To obtain the second dataset (100% Ship + 0% No Ship) we need to remove all the images without ships from the original dataset.

In [None]:
masks = pd.read_csv(os.path.join('../input/airbus-ship-detection/train_ship_segmentations_v2.csv'))
masks = masks[~masks['ImageId'].isin(['6384c3e78.jpg'])] # remove corrupted file 
masks_ship = masks.drop(masks[masks.EncodedPixels.isnull()].index) # remove all the images without ships


**Split into training and validation groups**


In [None]:
from sklearn.model_selection import train_test_split
unique_img_ids = masks_ship.groupby('ImageId').size().reset_index(name='counts')
train_ids_ship, valid_ids_ship = train_test_split(unique_img_ids, 
                 test_size = 0.05, 
                 stratify = unique_img_ids['counts'],
                 random_state=42
                )
train_df_ship = pd.merge(masks_ship, train_ids_ship)
valid_df_ship = pd.merge(masks_ship, valid_ids_ship)

In [None]:
train_df_ship['counts'] = train_df_ship.apply(lambda c_row: c_row['counts'] if 
                                            isinstance(c_row['EncodedPixels'], str) else
                                            0, 1)
valid_df_ship['counts'] = valid_df_ship.apply(lambda c_row: c_row['counts'] if
                                            isinstance(c_row['EncodedPixels'], str) else
                                            0, 1)

In [None]:
print(train_df_ship.ImageId.nunique(), 'unique images in train set')
print(valid_df_ship.ImageId.nunique(),' unique images in test set')


In [None]:
# Plot histogram

hist = train_df_ship.hist(bins=np.arange(train_df_ship['counts'].max())+0.5)
plt.xticks(range(15))
plt.title("Histogram of ships count in training set")
plt.xlabel("Number of ships")
plt.ylabel("Number of images")
plt.show(hist)


hist = valid_df_ship.hist(bins=np.arange(valid_df_ship['counts'].max())+0.5)
plt.xticks(range(15))
plt.title("Histogram of ships count in validation set")
plt.xlabel("Number of ships")
plt.ylabel("Number of images")
plt.show(hist)

In [None]:
#save the dataset into .csv files
train_df_ship.to_csv('train_df_ship.csv',index=False)
valid_df_ship.to_csv('valid_df_ship.csv',index=False)

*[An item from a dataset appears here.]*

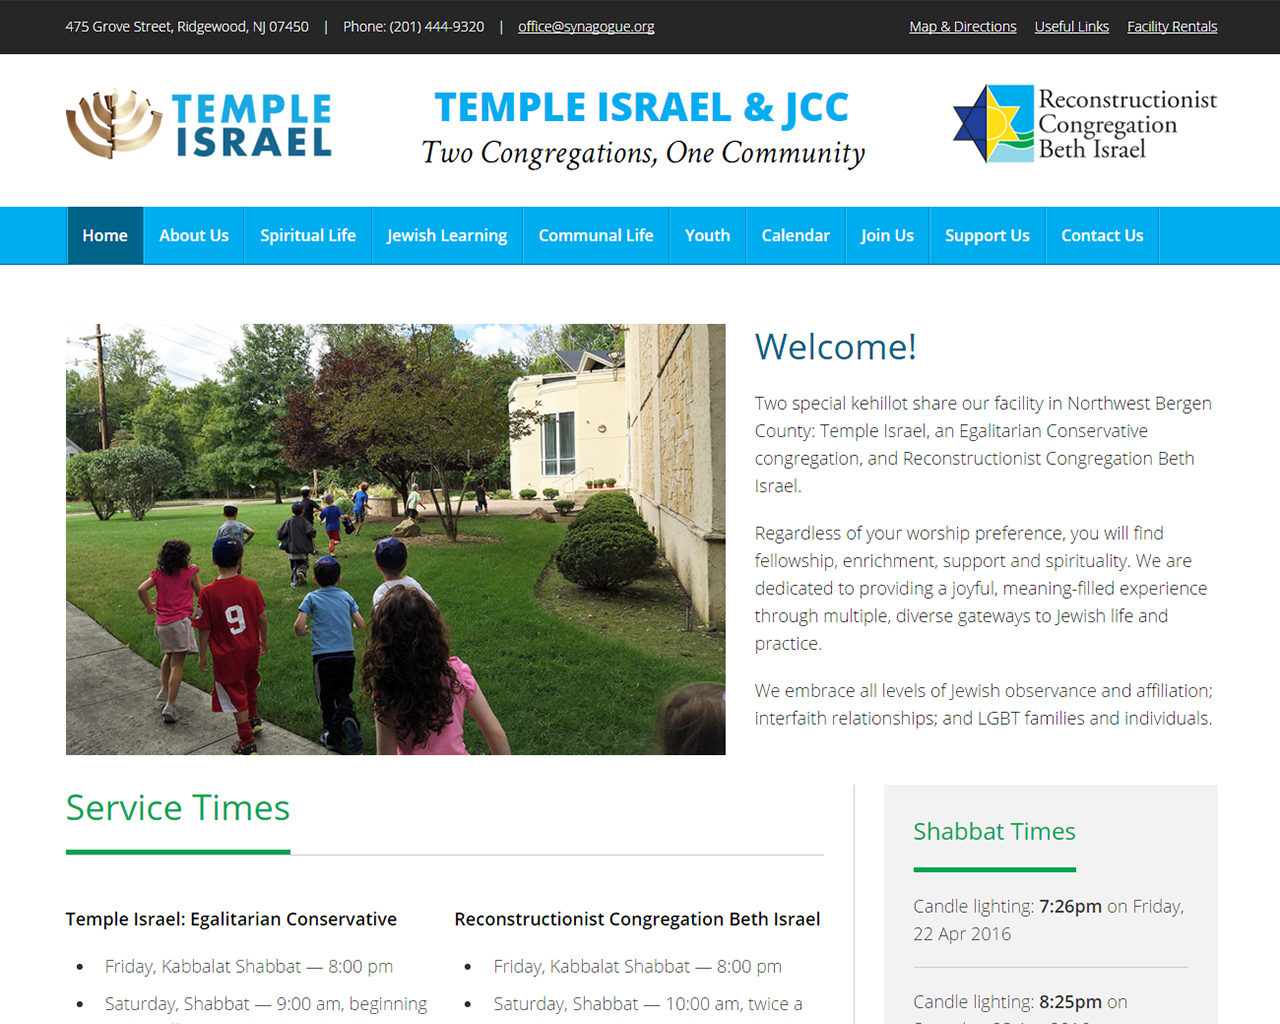 Temple Israel & JCC

We will continue the challange in another notebook to have a better reading and organization. In this first notebook we faced the problem and analyze the data avalibale. In particulat we detected an high unbalanced classification problem (pixel level). We shown the masks and the images and the distributions of images with and without ships. In the next notebooks we will explore the classification of images into two classes, one with ship and another without ships.